What might work? Well, compulsory training. Registration. Education programmes. Encouragement, and enlightenment - the carrot, rather than the stick. Better application of the laws we already have - actually charging owners for all sorts of violent behaviour by their pets, rather than just letting them off with a caution or a finger-wagging lecture. The issuing of dog control notices, to nip any problems in the bud before they become really entrenched.

Hey, these sorts of ideas might not be perfect, but they're all we've got. They're much more likely to work than punitive laws that probably won't be enforced, and which are less likely to make any irresponsible dog owners think twice than more gradually attempting to change some of our violent and nasty dog ownership sub-cultures.

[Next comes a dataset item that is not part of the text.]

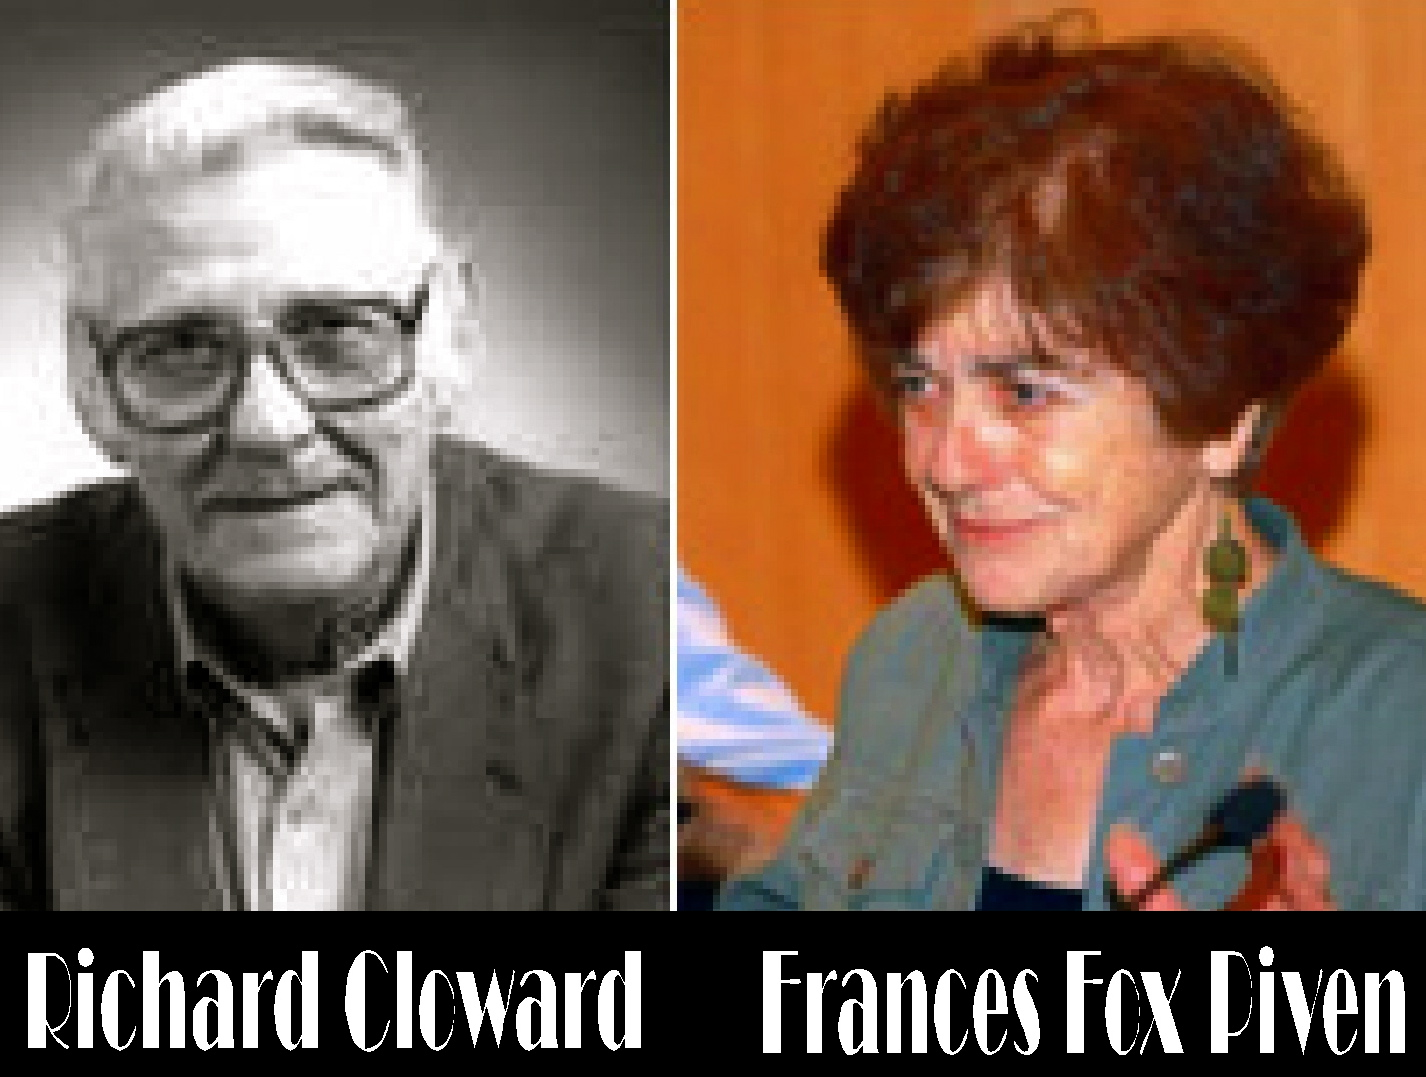 Strategy Piven Cloward Alinsky Saul

Life in prison for another being's behaviour? You can only get 14 years for causing death by dangerous driving - a sin of commission that most citizens would probably think of as a worse crime than letting your dog get out of control. How long before we see the first famous martyr of a dog owner, serving many years in prison because a dog the public perceived as an 'acceptable' one (an Alsatian, for instance) acted out of character? It might take many years. But it might not be long - dragging Parliament's sausage-factory legislation into the mire. Again.

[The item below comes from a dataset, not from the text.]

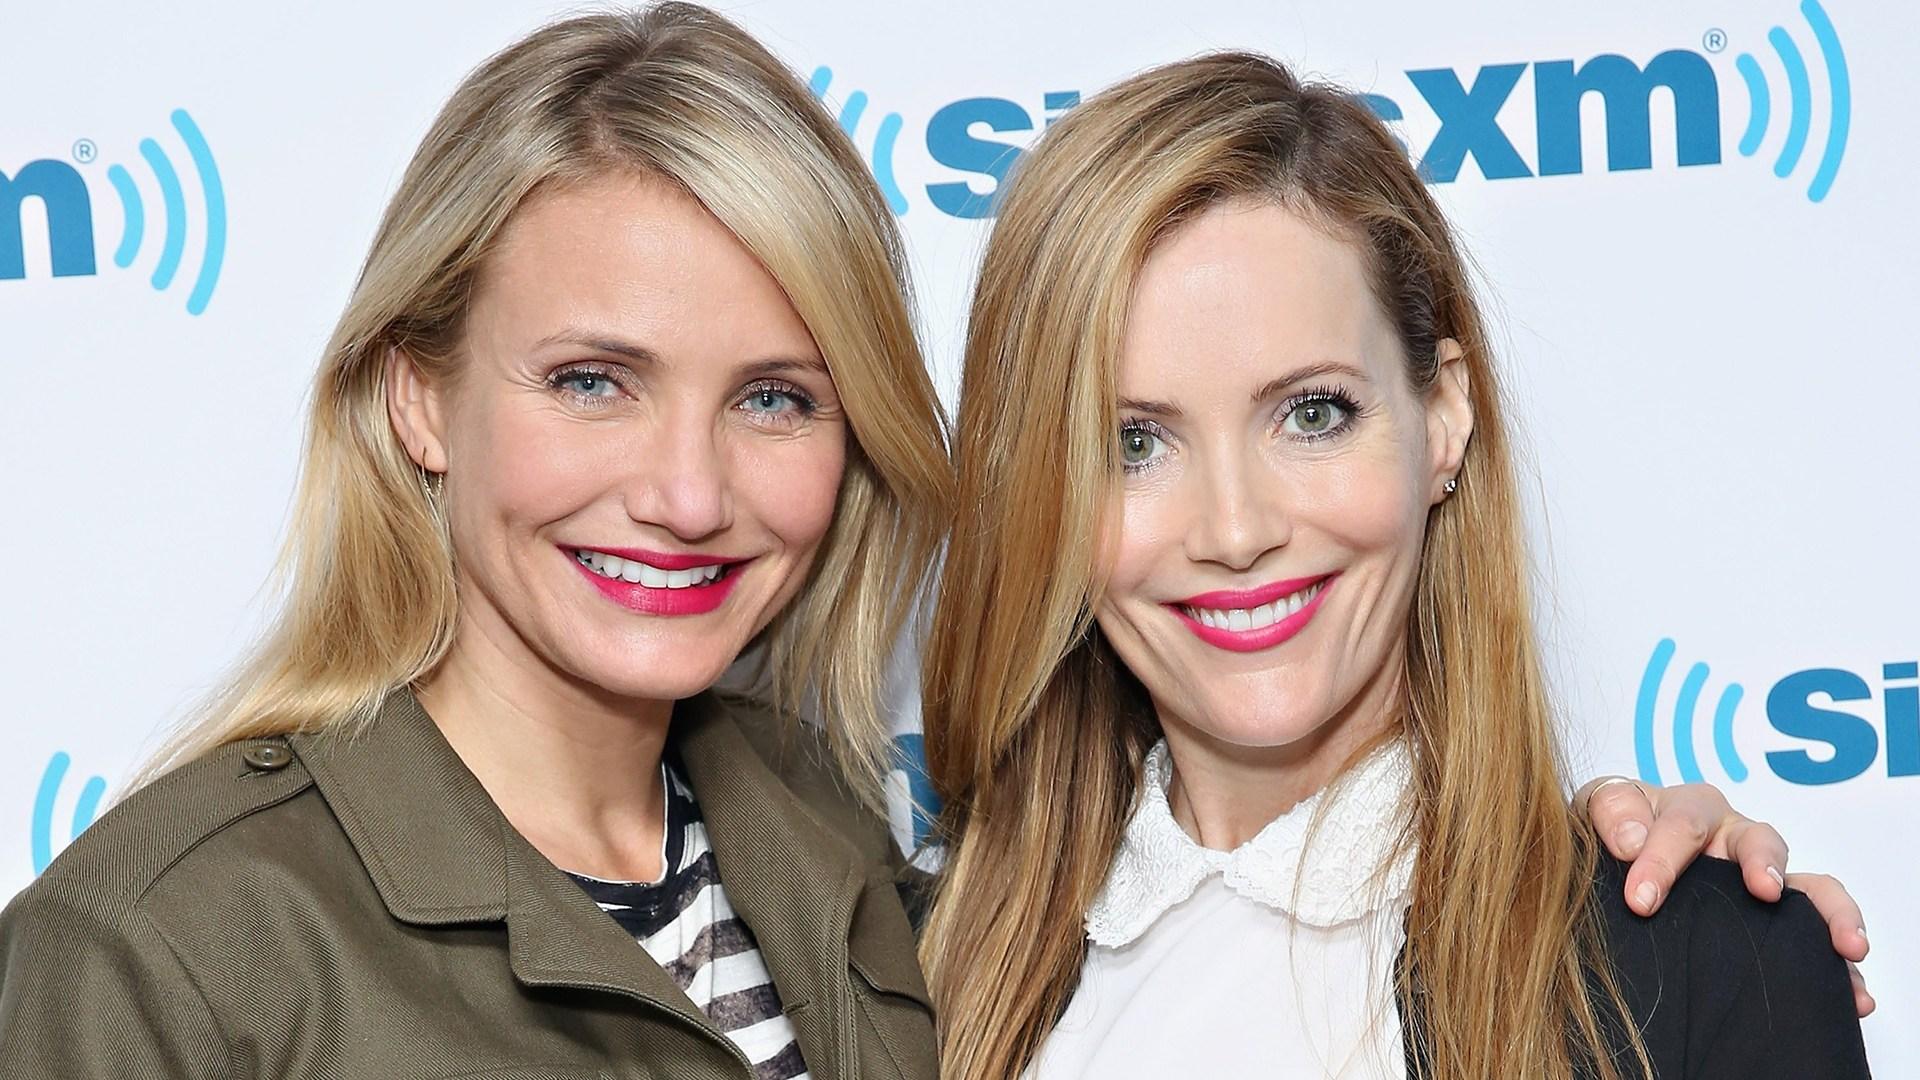 Image: Celebrities Visit SiriusXM Studios - April 23, 2014

You're probably at risk from this over-reaction, as well as from any vicious dogs themselves. For if this unending emphasis on punishment allows public and policymakers to ignore the deep-seated roots of machismo-fuelled violence in our society, if it permits us to look away from the reasons why so many men breed and keep dogs that are better suited to cage fighting than domestic homes, then it does us a disservice. If such legislation undermines public faith in the law, the void will be filled by all sorts of dangerous fantasies and promises. All for a piece of crowd-pleasing headline-making that might, just might, punish the relatively innocent, and probably won't make any difference anyway.

Dangerous dogs? Bad laws can be more pernicious.